Raw data:

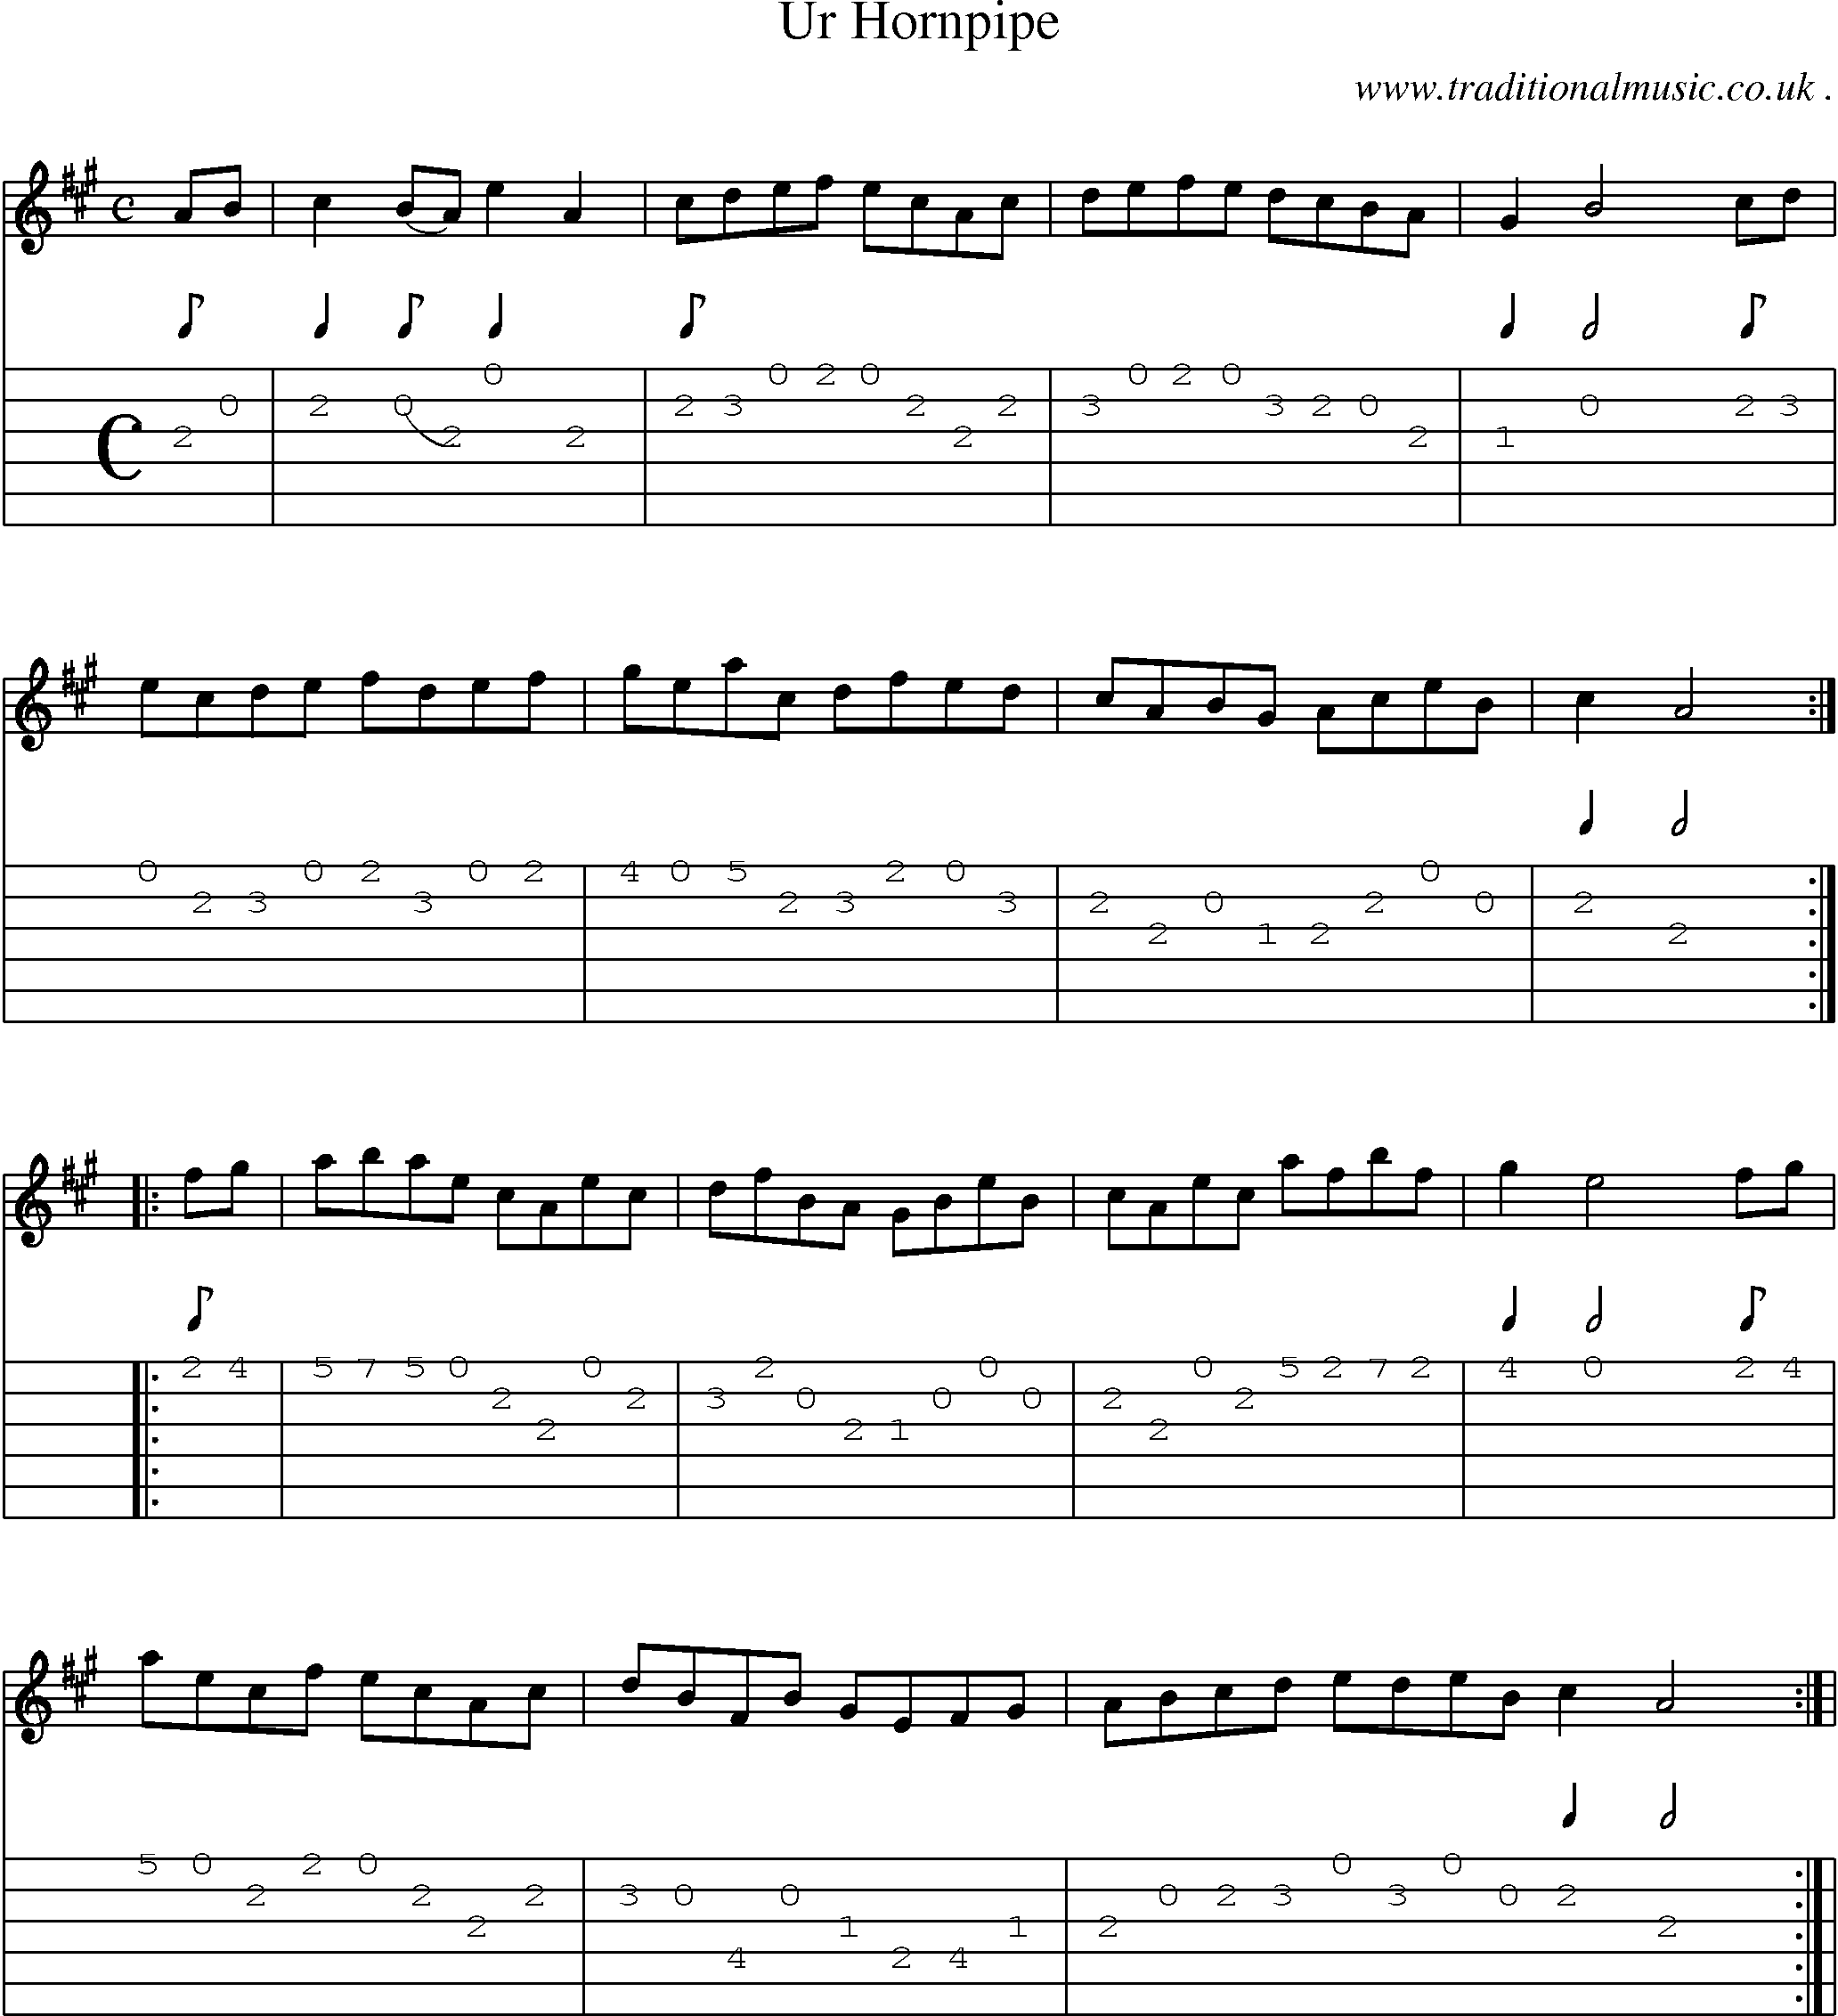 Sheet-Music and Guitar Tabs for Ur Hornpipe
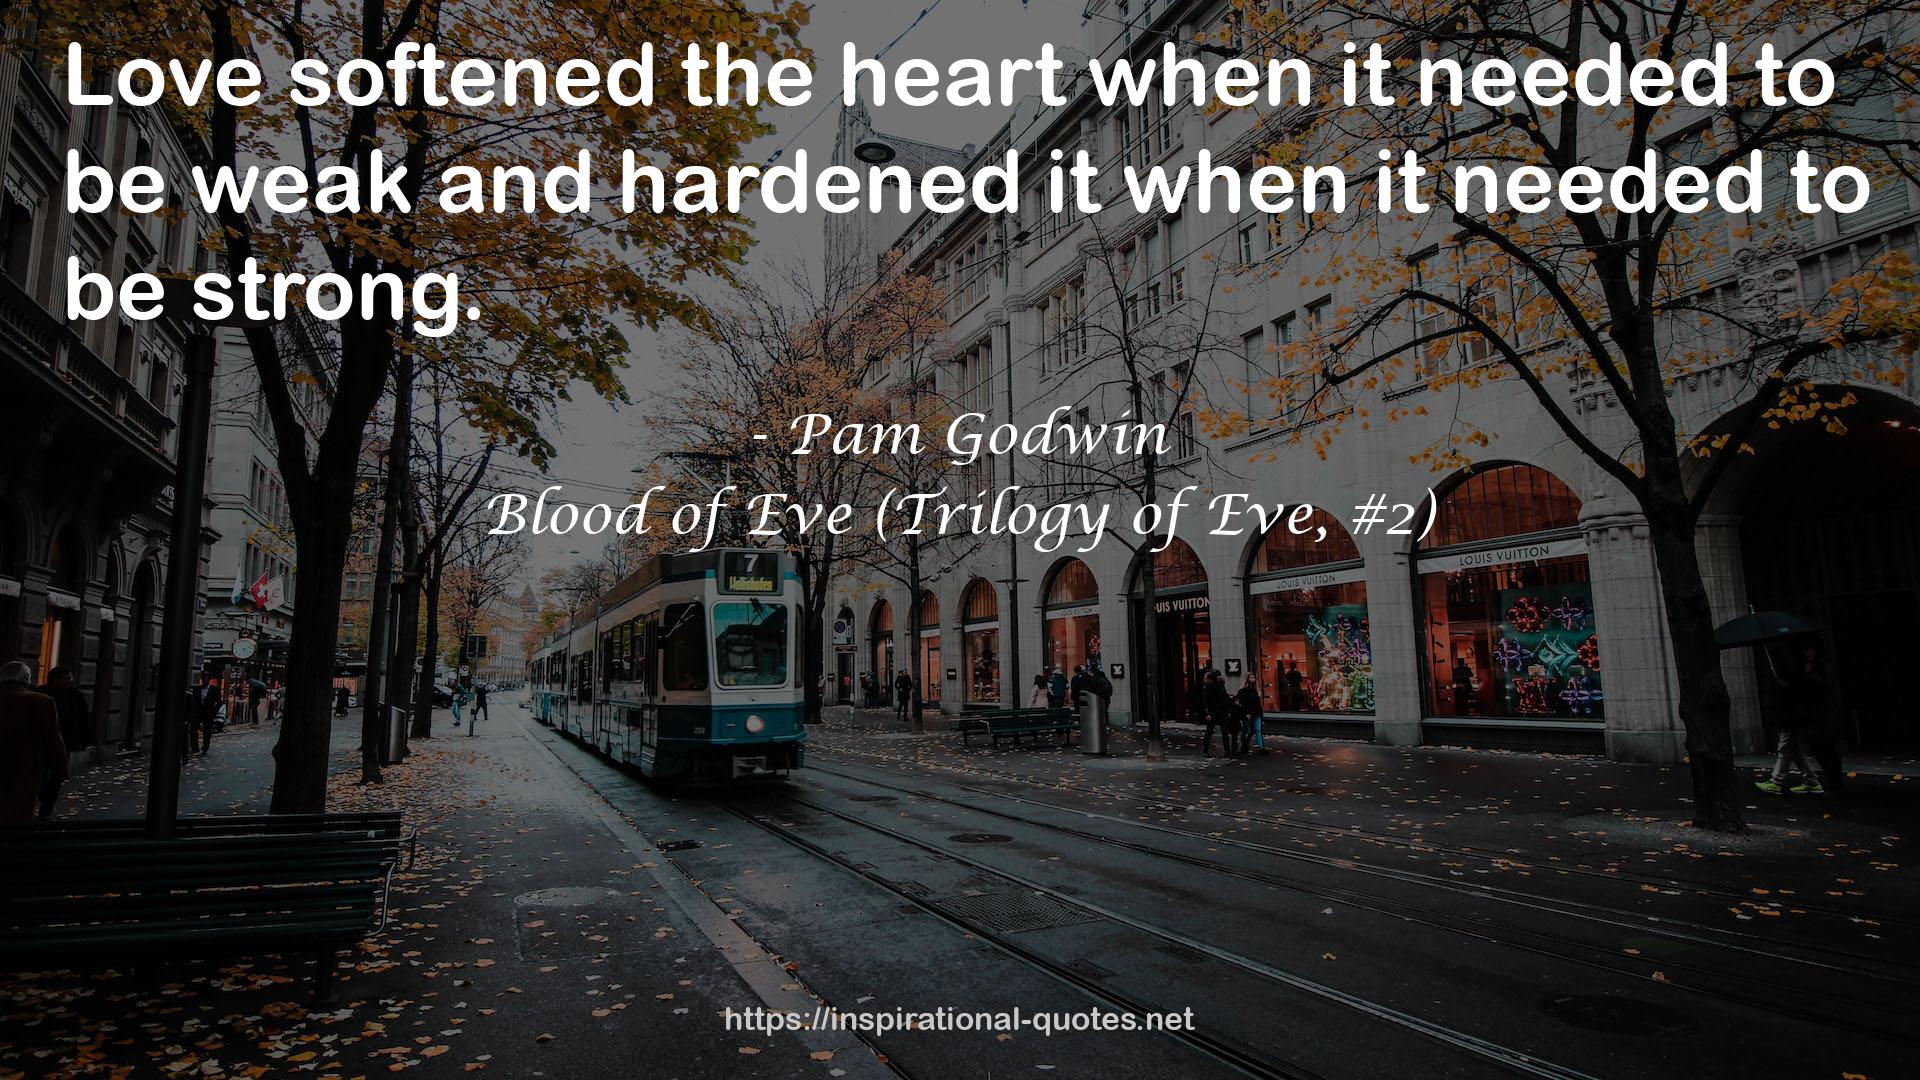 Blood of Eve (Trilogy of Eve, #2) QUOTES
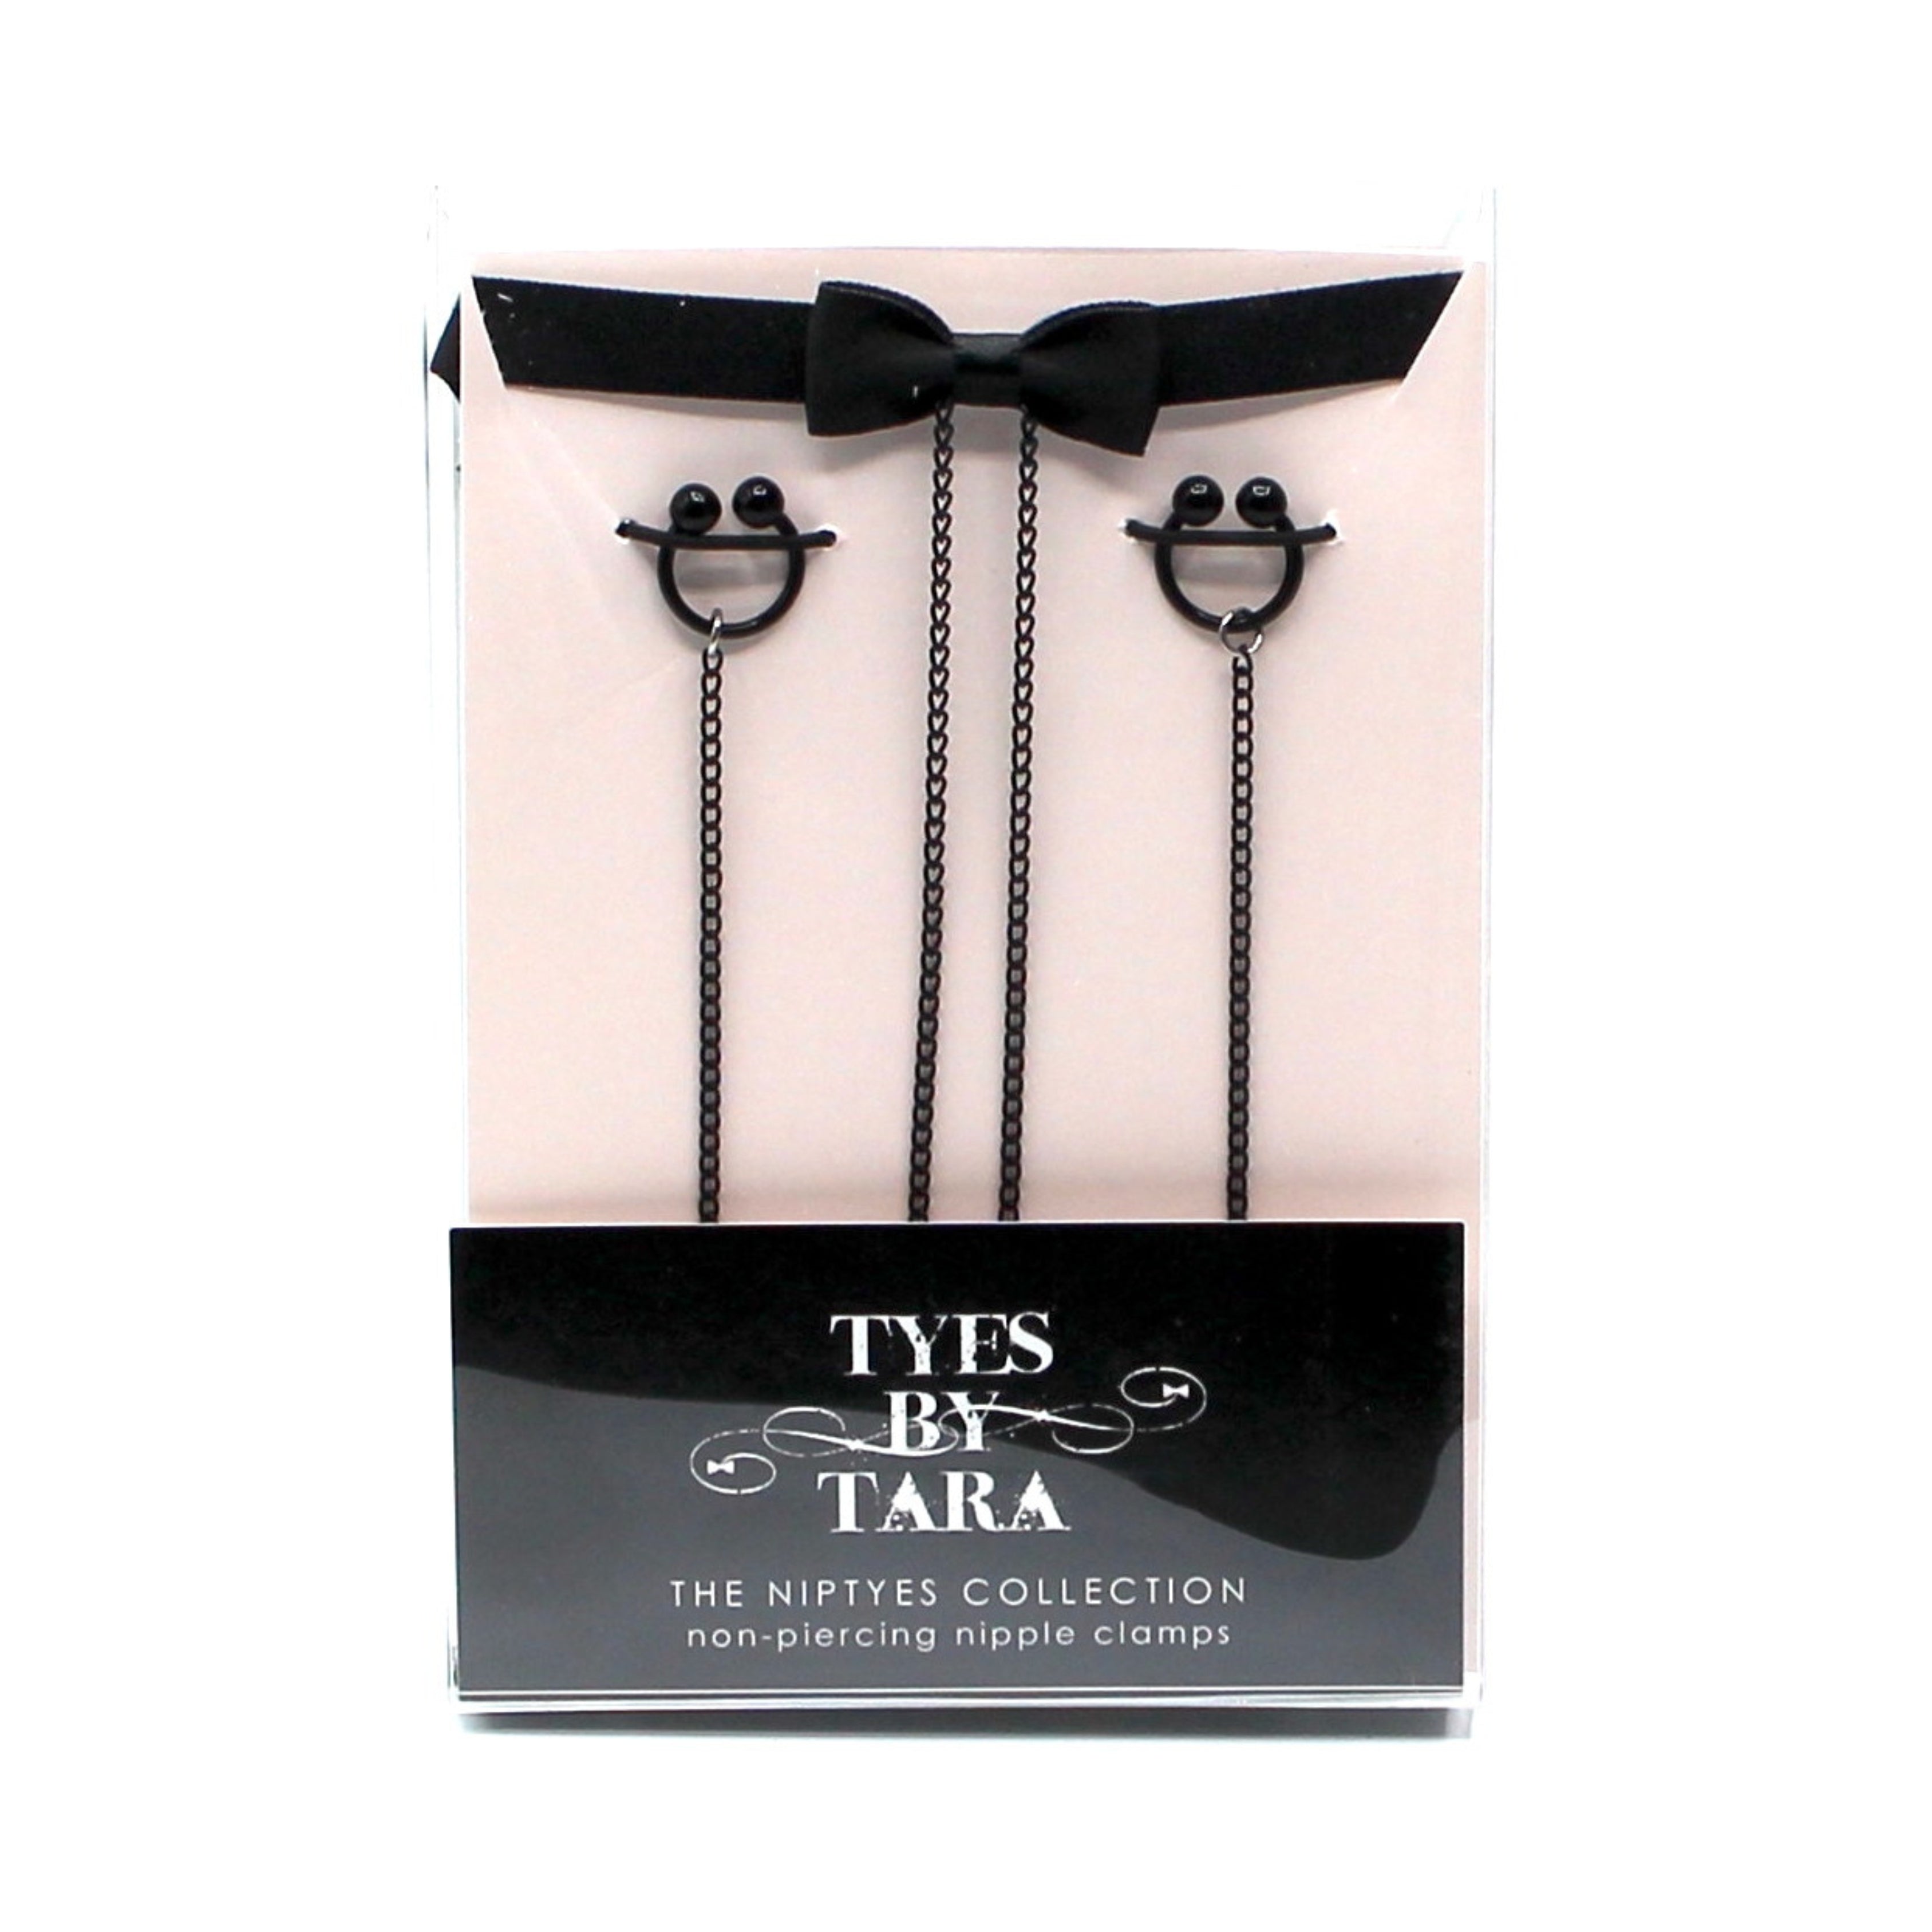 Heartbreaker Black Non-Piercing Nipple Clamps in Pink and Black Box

Description of the task: Would it be possible to give the material above again exactly, with the pictures left out?

Solution for this exercise:
 Sheet-Music and Guitar Tabs for Ur Hornpipe
 Blood of Eve (Trilogy of Eve, #2) QUOTES
 Heartbreaker Black Non-Piercing Nipple Clamps in Pink and Black Box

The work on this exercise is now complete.